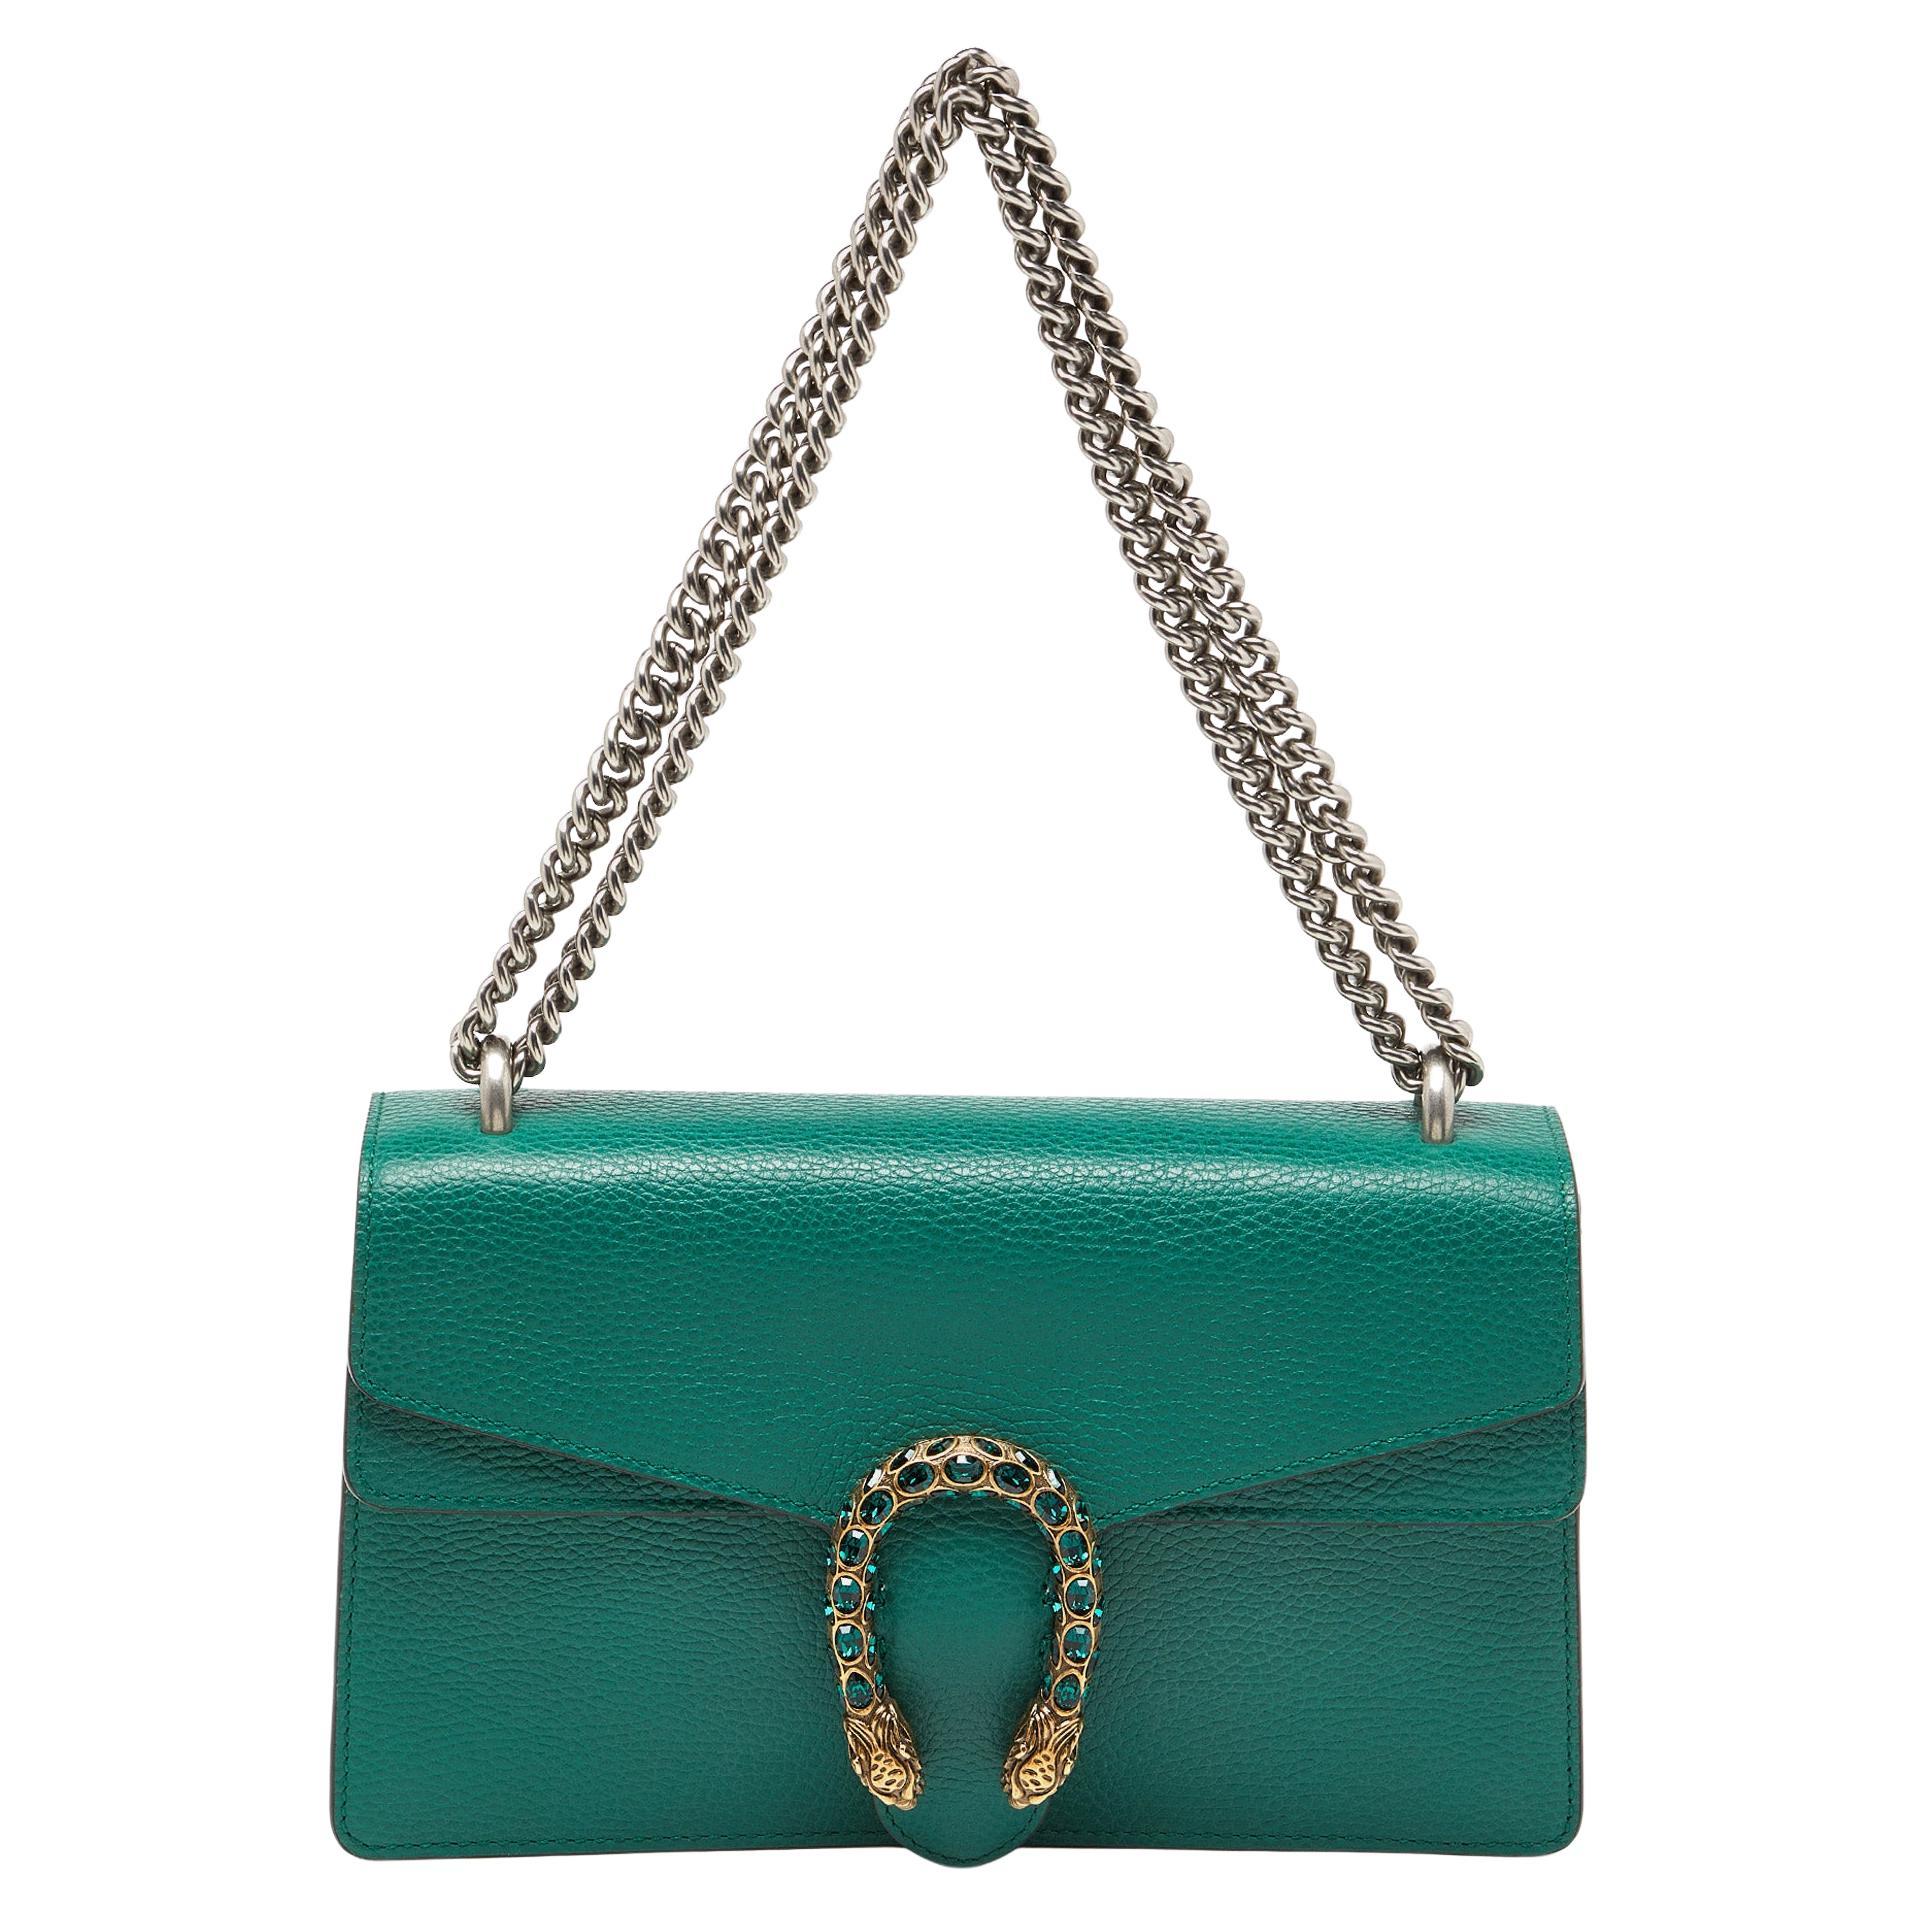 Gucci Green Leather Small Dionysus Crystals Shoulder Bag For Sale
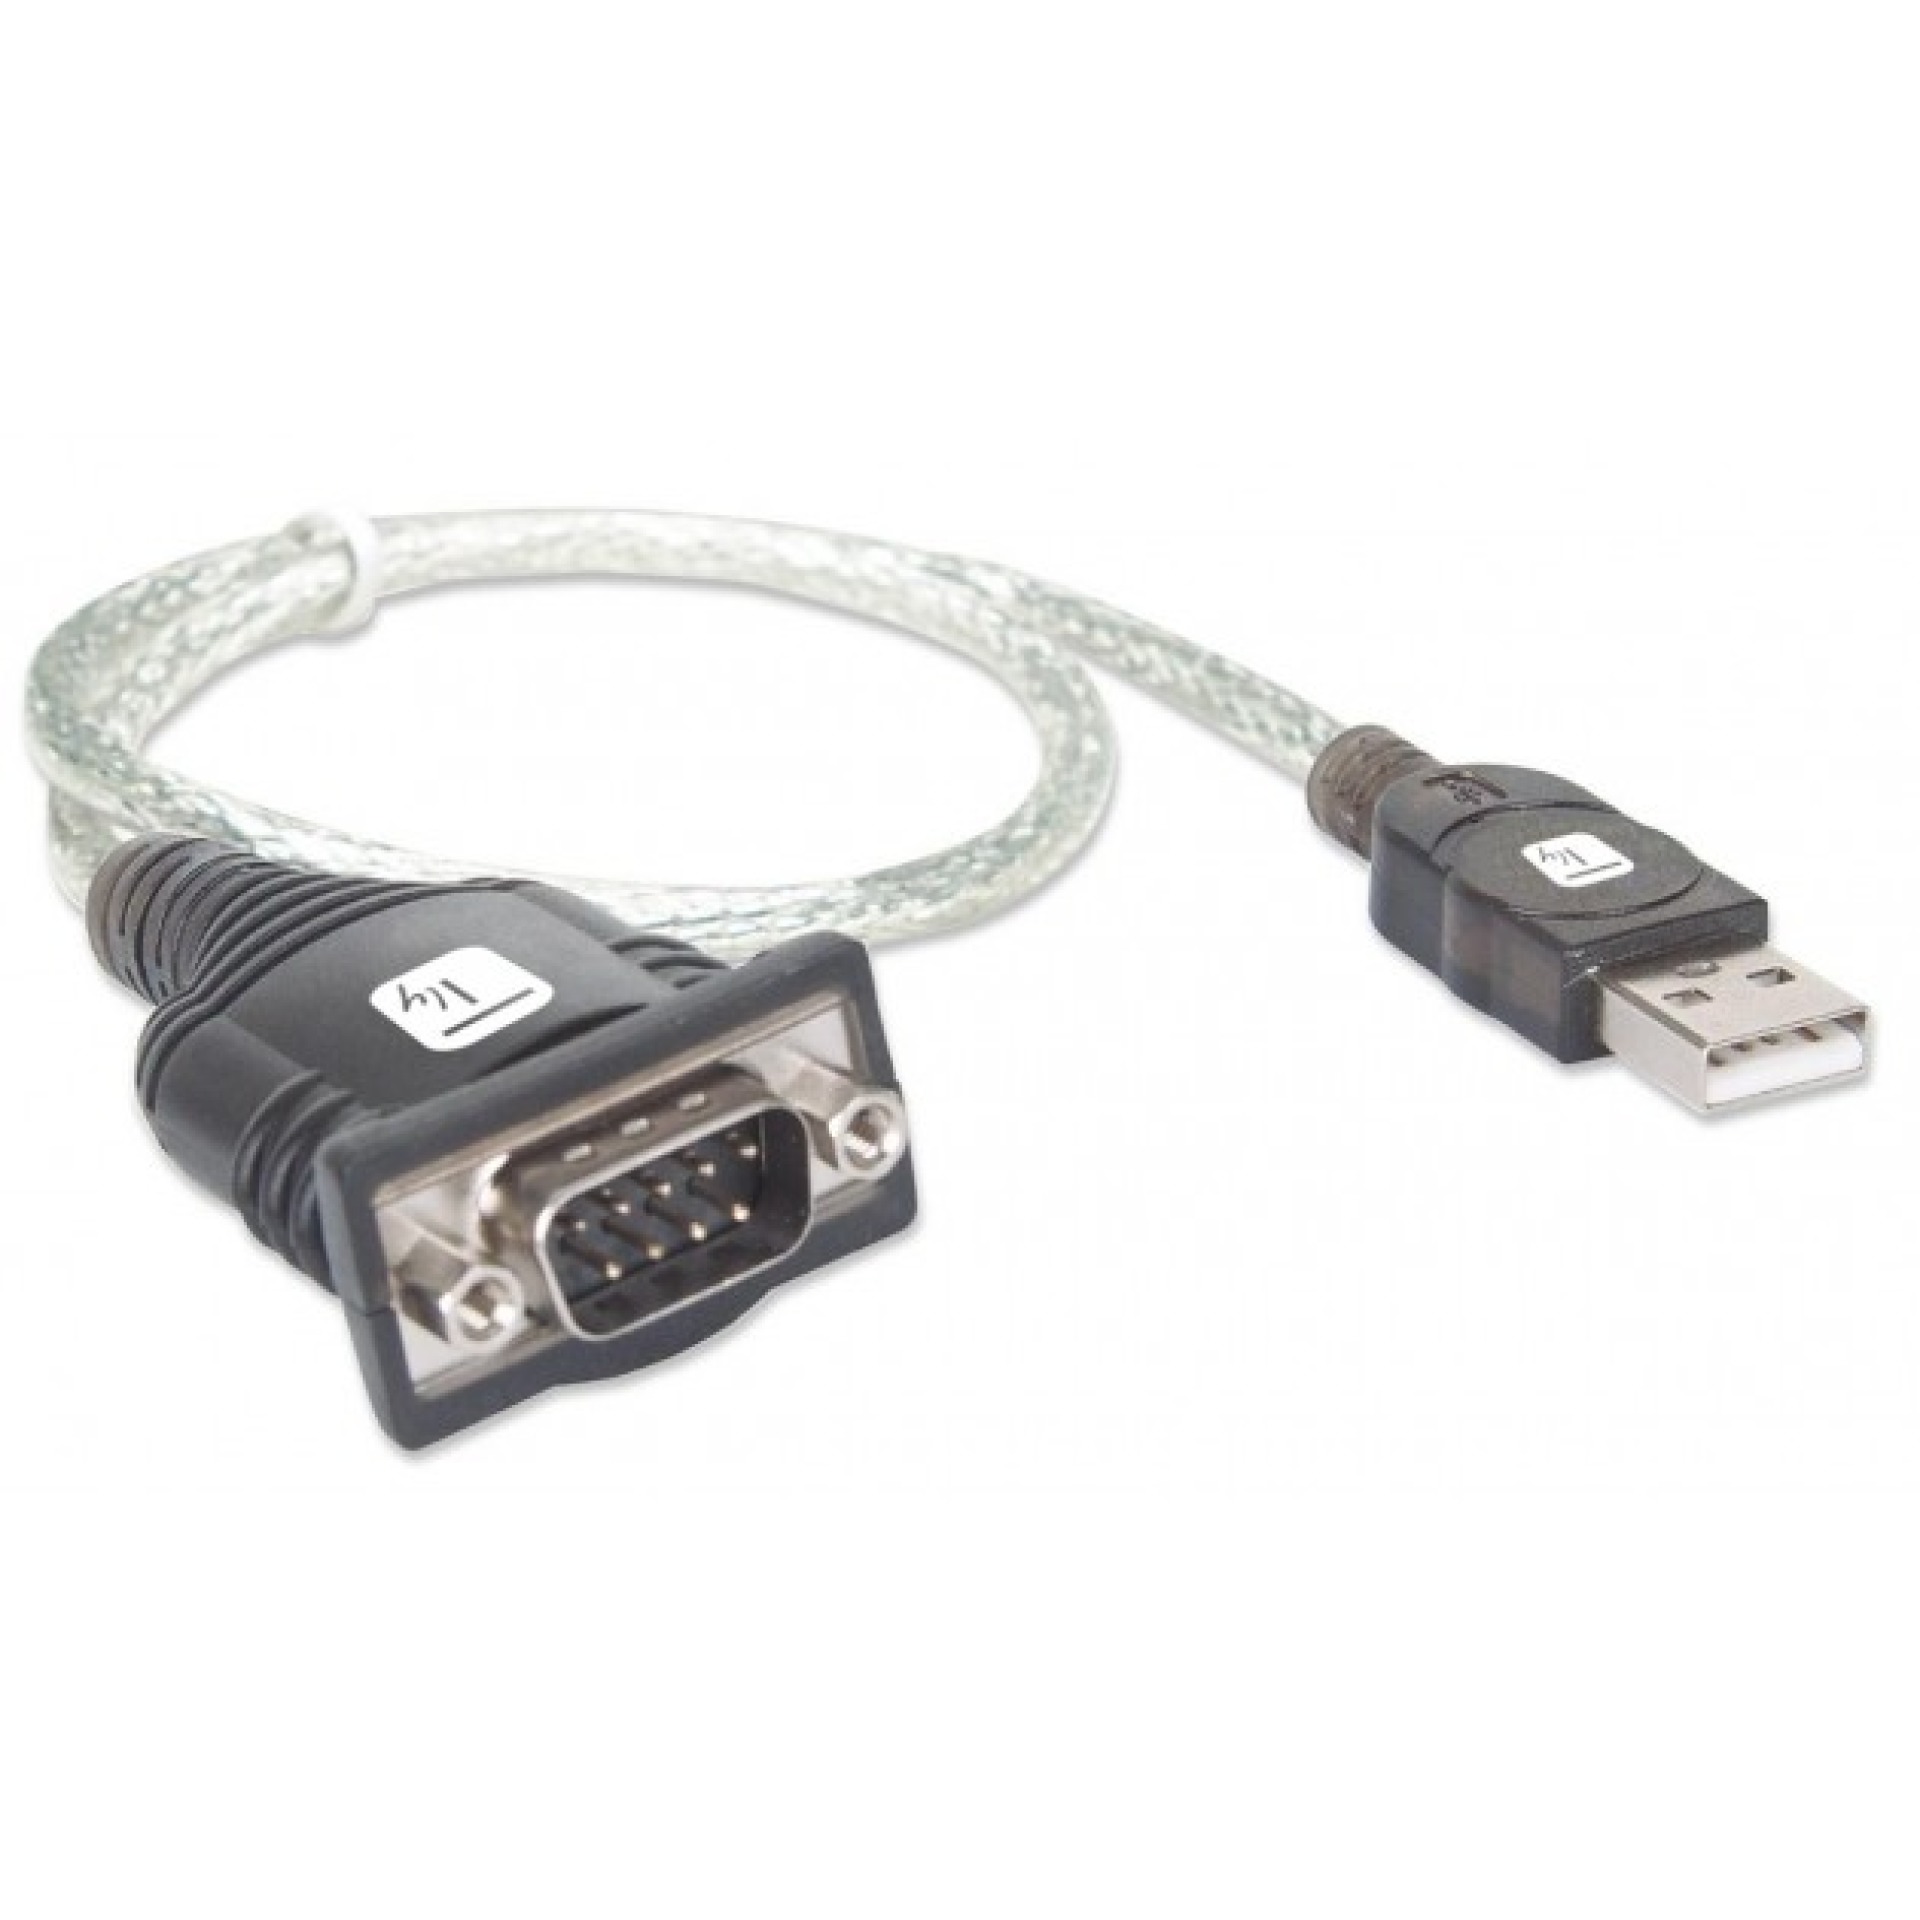 USB to Serial Techly Adapter Converter,USB AM auf RS232 port, 9-pin male
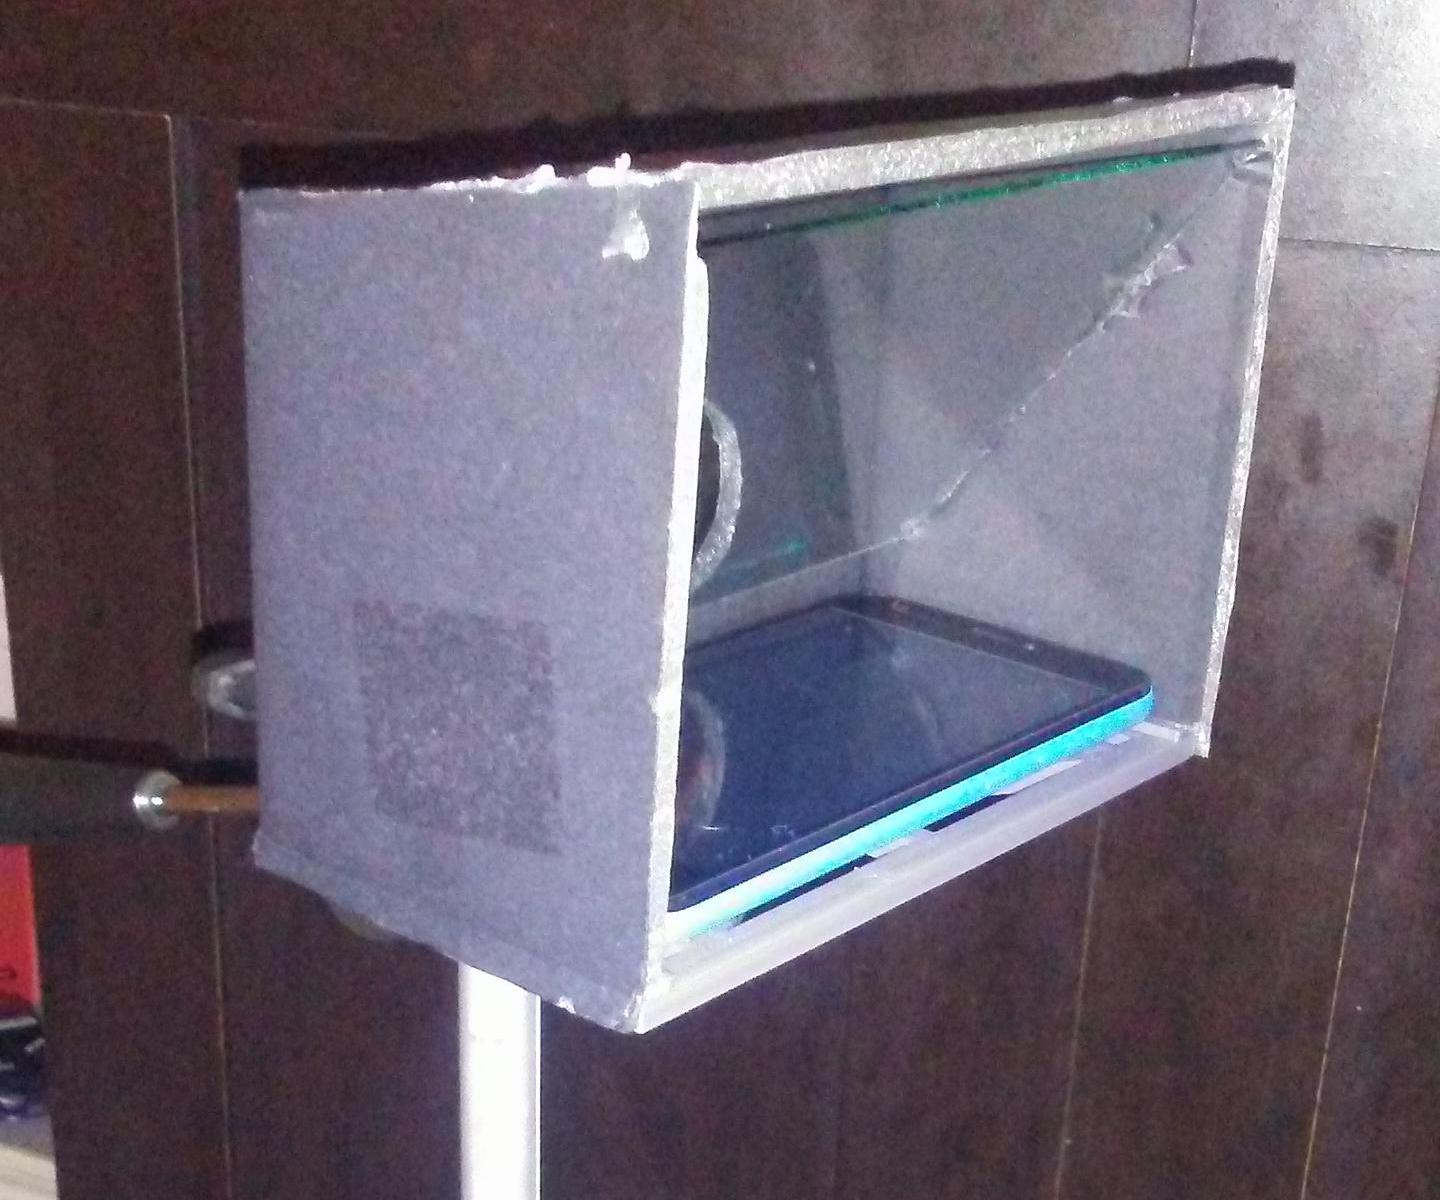 Cheap and Easy Cell Phone Teleprompter - 3D Print and Foamboard

++++++++++++++++++++

▸ Task to carry out
Starting at the line that holds "USB to Serial", retype every line through the end of the data, both ends included. Pictures stay out of the copy.

▸ Written response
 USB to Serial Techly Adapter Converter,USB AM auf RS232 port, 9-pin male
 Cheap and Easy Cell Phone Teleprompter - 3D Print and Foamboard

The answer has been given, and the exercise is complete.